My feeling is that even if the government comes to some last minute agreement to raise the debt ceiling, ratings agencies have already committed to downgrading our debt based on fundamentals. So yes, I think that barring some miracle (like Washington agreeing to the types of dramatic cuts in spending and tax increases needed, but that will cost them their jobs) the U.S. will be downgraded.

How much will investments suffer? I don't think a 5% to 10% correction is out of the question.

I've positioned our portfolio at a tactical non-commitment level of 50% market, 50% mattress. If you are on a shorter-term investment horizon (retirement looming) you should be even more conservative.

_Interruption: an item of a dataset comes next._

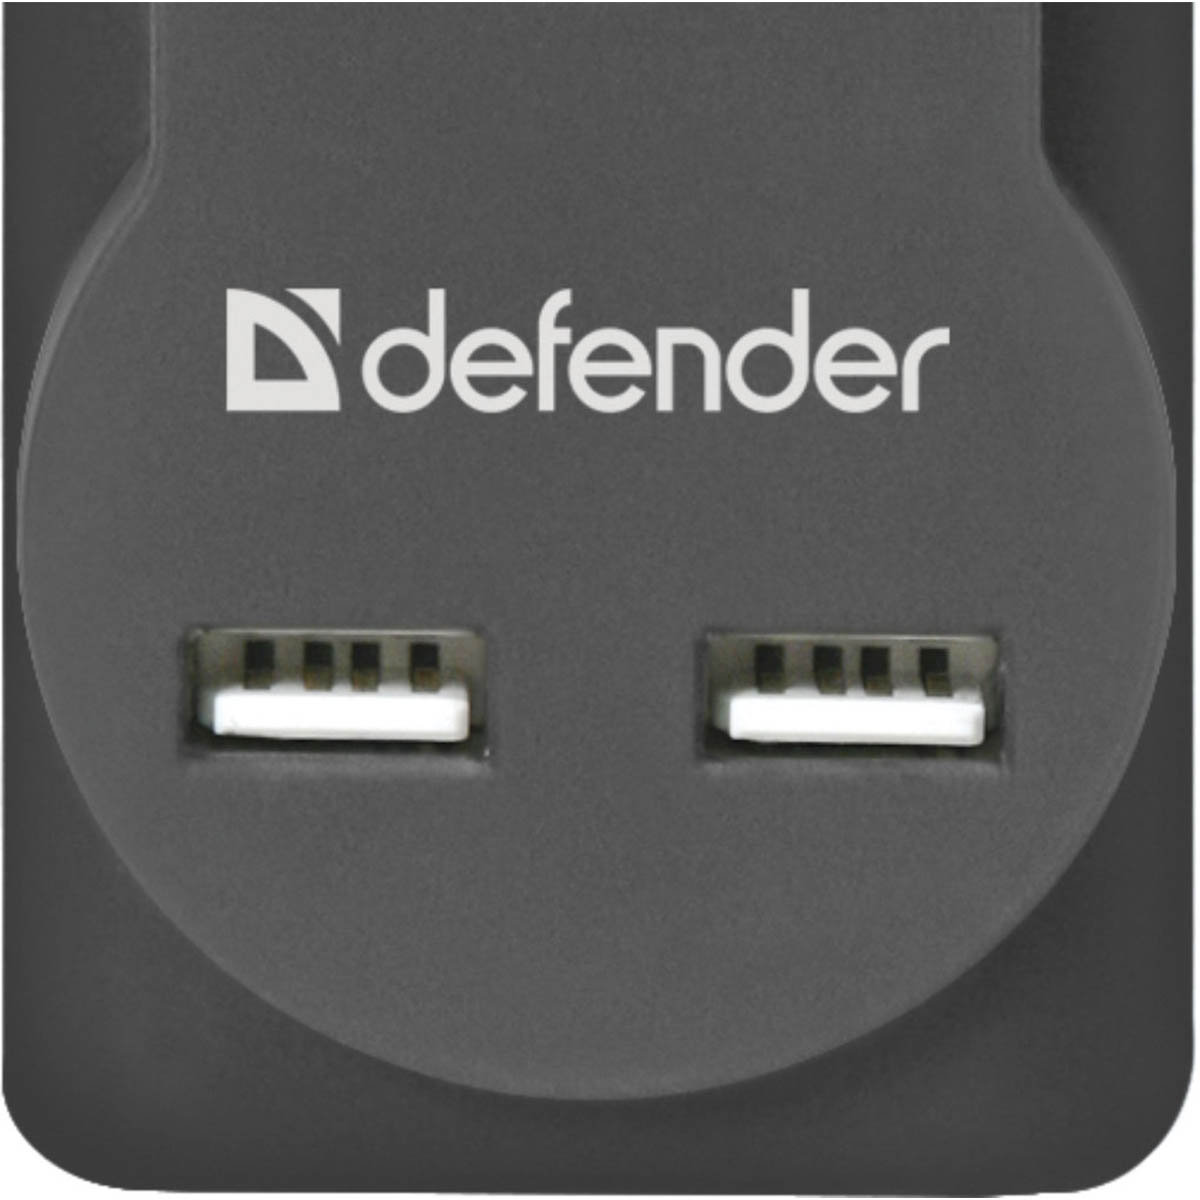 Сетевой фильтр Defender DFS 753, 3.0 метра, 5 розеток, 2 USB, 2.1A, цвет черный
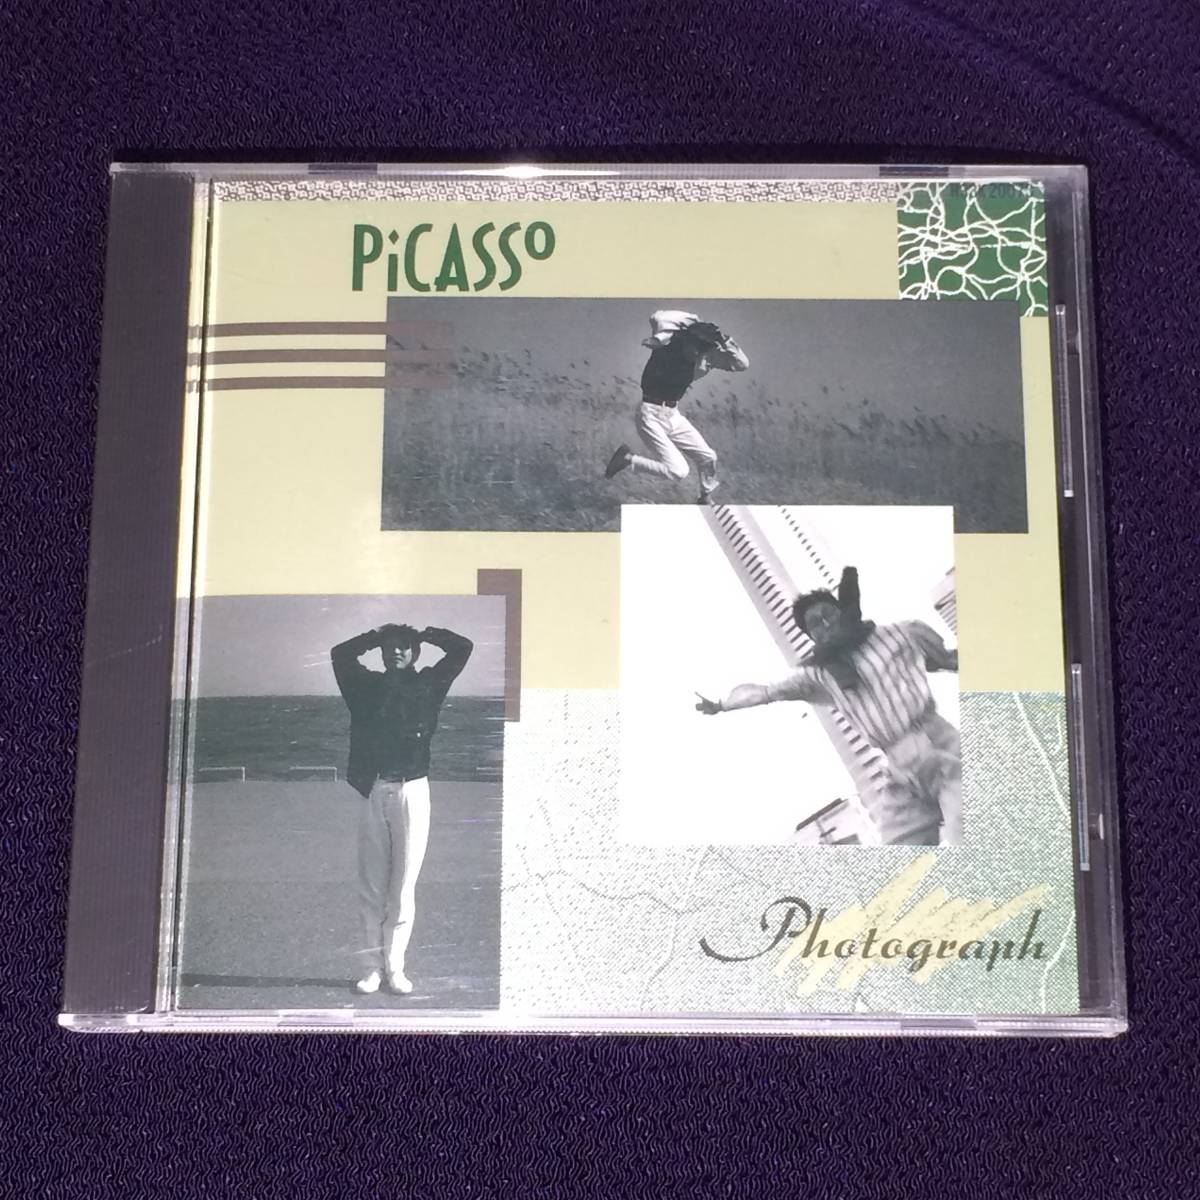 Picasso Picasso CD / Photograph 1987 3 -й в 1980 -х годах

Sell all funds that hold primarily U.S. government treasuries, except inflation protected bonds. Maintain international exposure. Look to invest in Swiss-backed government debt (safest in the world). And, if you're uncertain completely, keep your money in an FDIC-backed CD.

Here's the kicker. When the government eventually raised the debt ceiling (and they will), get ready to unload some of your investments. It will be difficult. The market will jump on the news. There will be elation and hope for a resurgence in domestic growth. But nothing ever lasts.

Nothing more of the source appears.